[DATA]
***

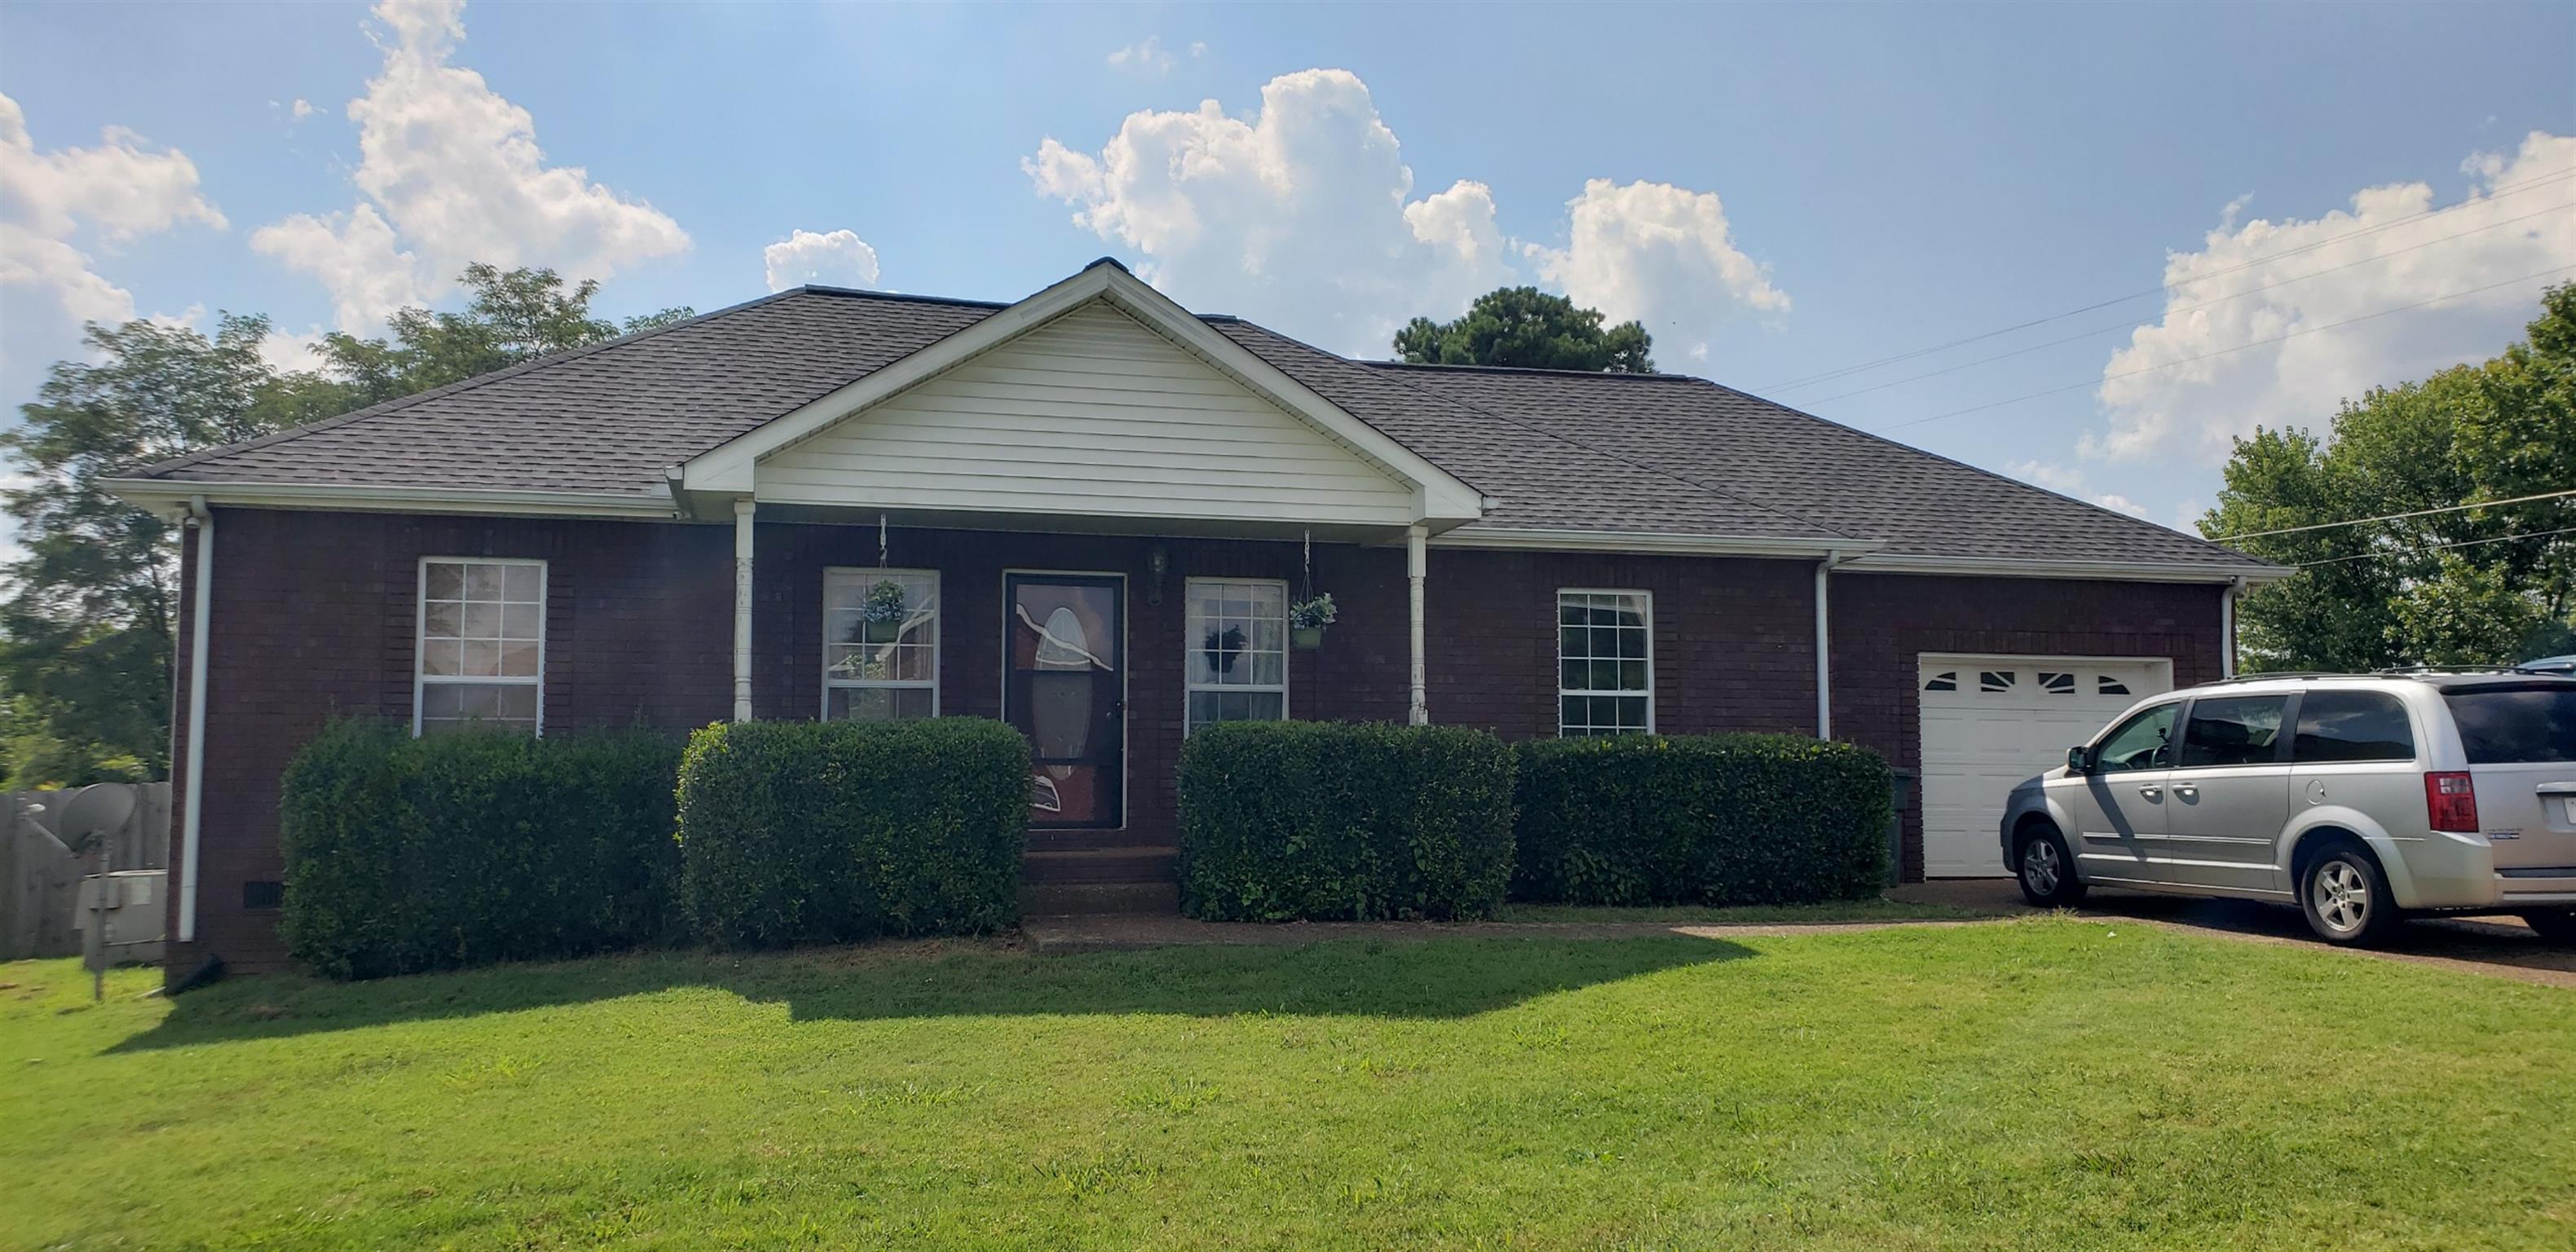 101 Charles Way, Portland, TN 37148 - Portland, TN real estate listing
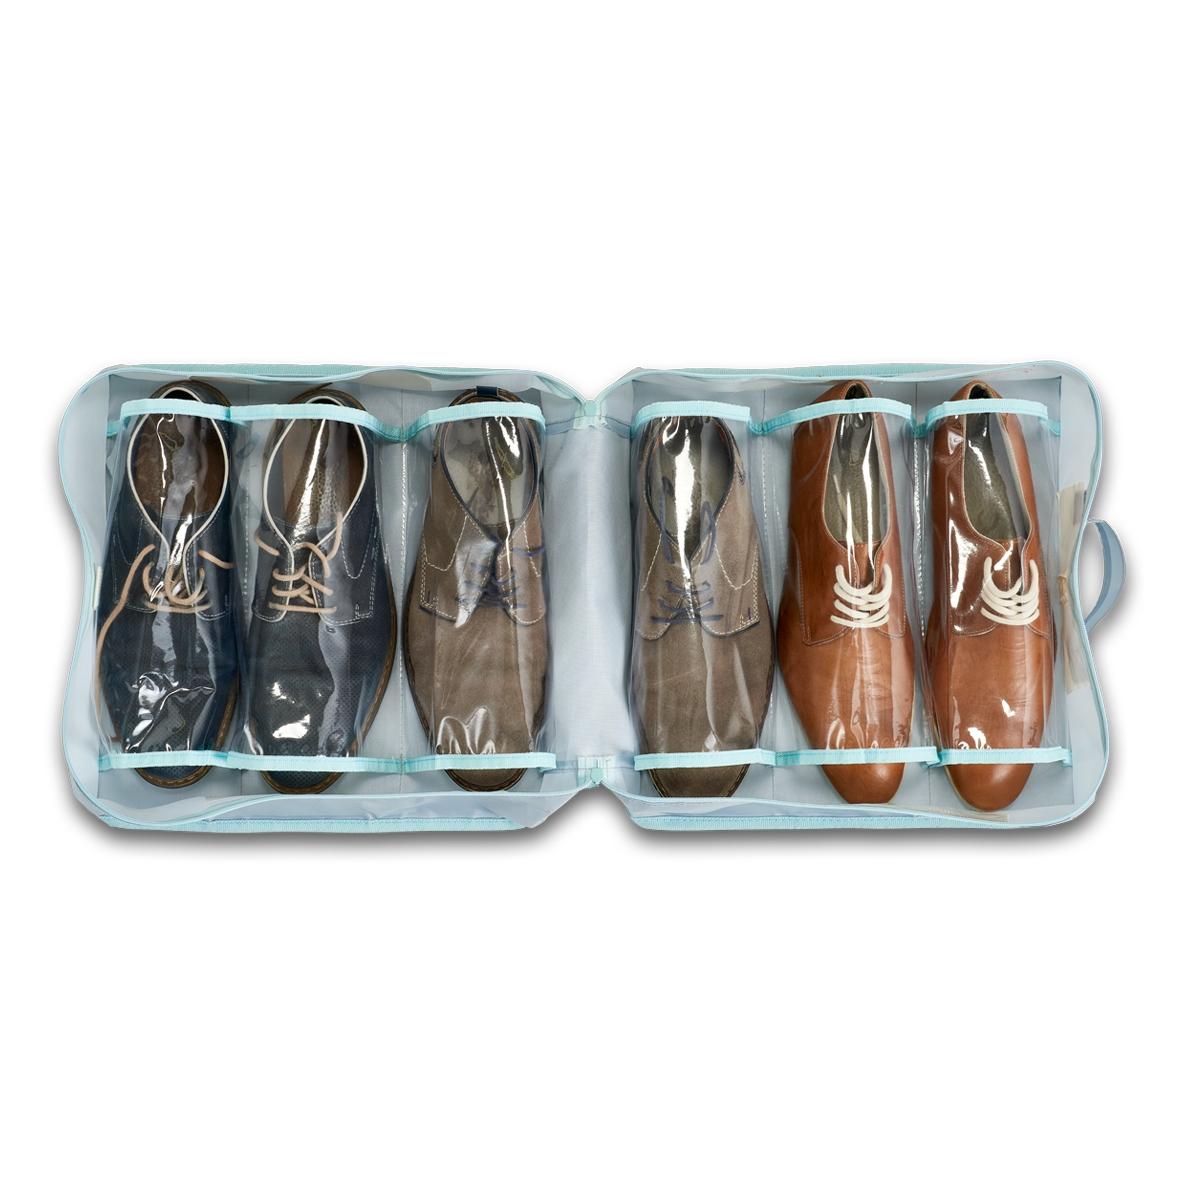 Organizator pantofi pentru bagaj de calatorie, Suitcase Gri Deschis, L36xl36xH17 cm
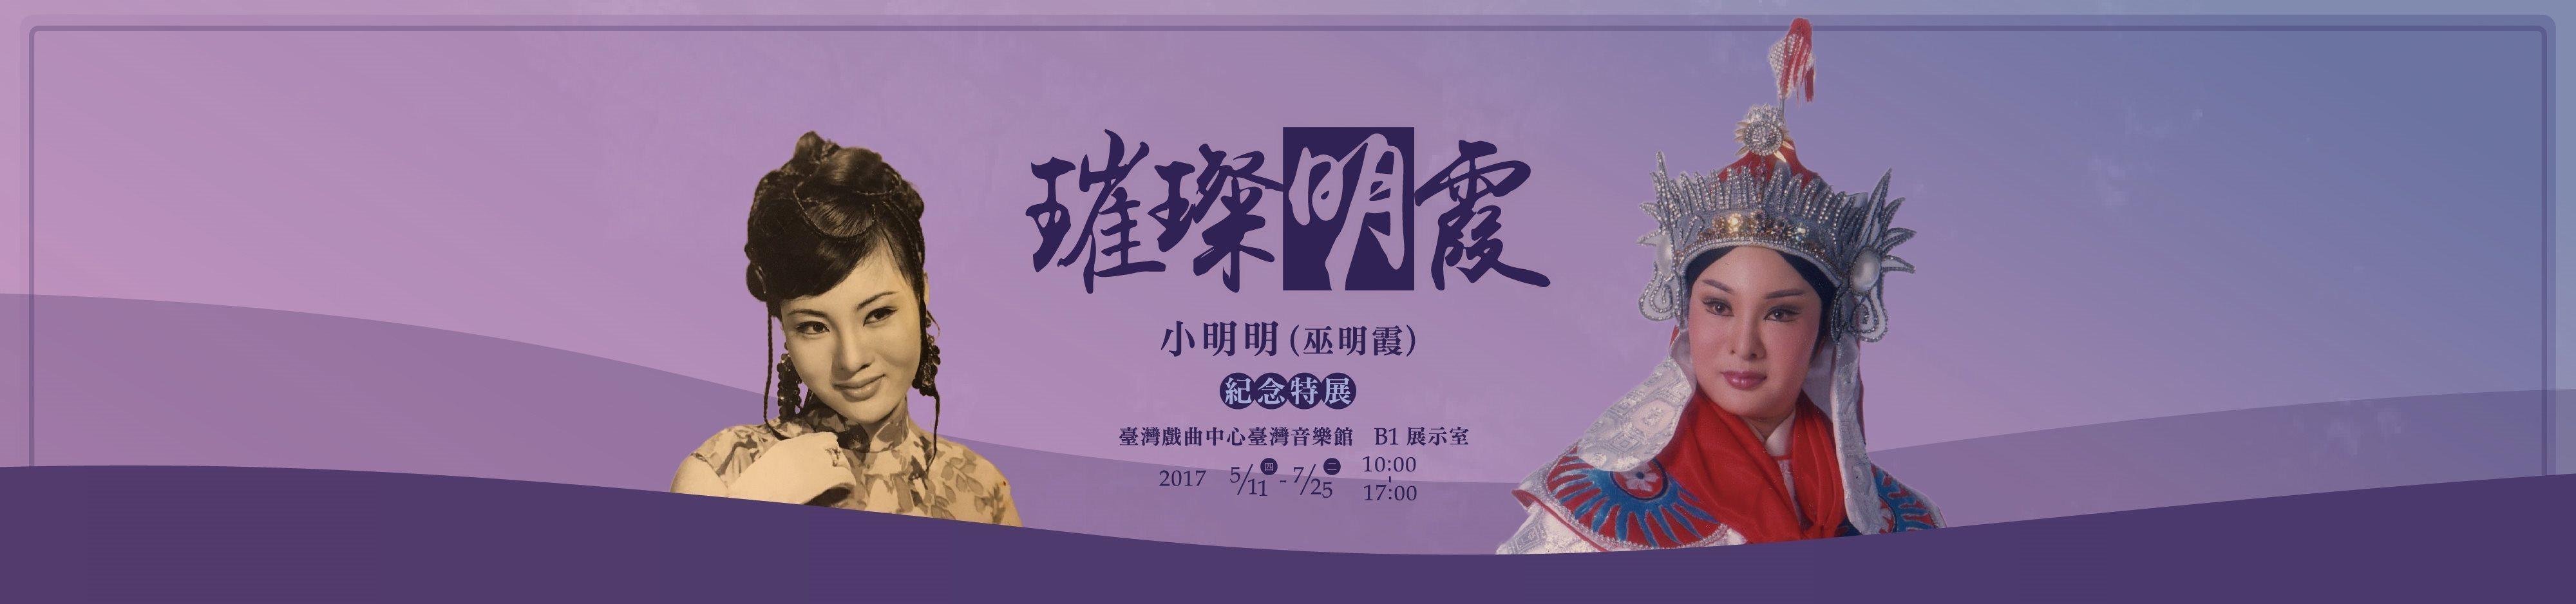 「璀璨明霞—2017小明明(巫明霞)紀念特展」系列活動[另開新視窗]

***

[ABOUT THIS TASK]
Set down all the data again exactly as above, pictures excluded.

[WRITTEN ANSWER]
 101 Charles Way, Portland, TN 37148 - Portland, TN real estate listing
 Organizator pantofi pentru bagaj de calatorie, Suitcase Gri Deschis, L36xl36xH17 cm
 「璀璨明霞—2017小明明(巫明霞)紀念特展」系列活動[另開新視窗]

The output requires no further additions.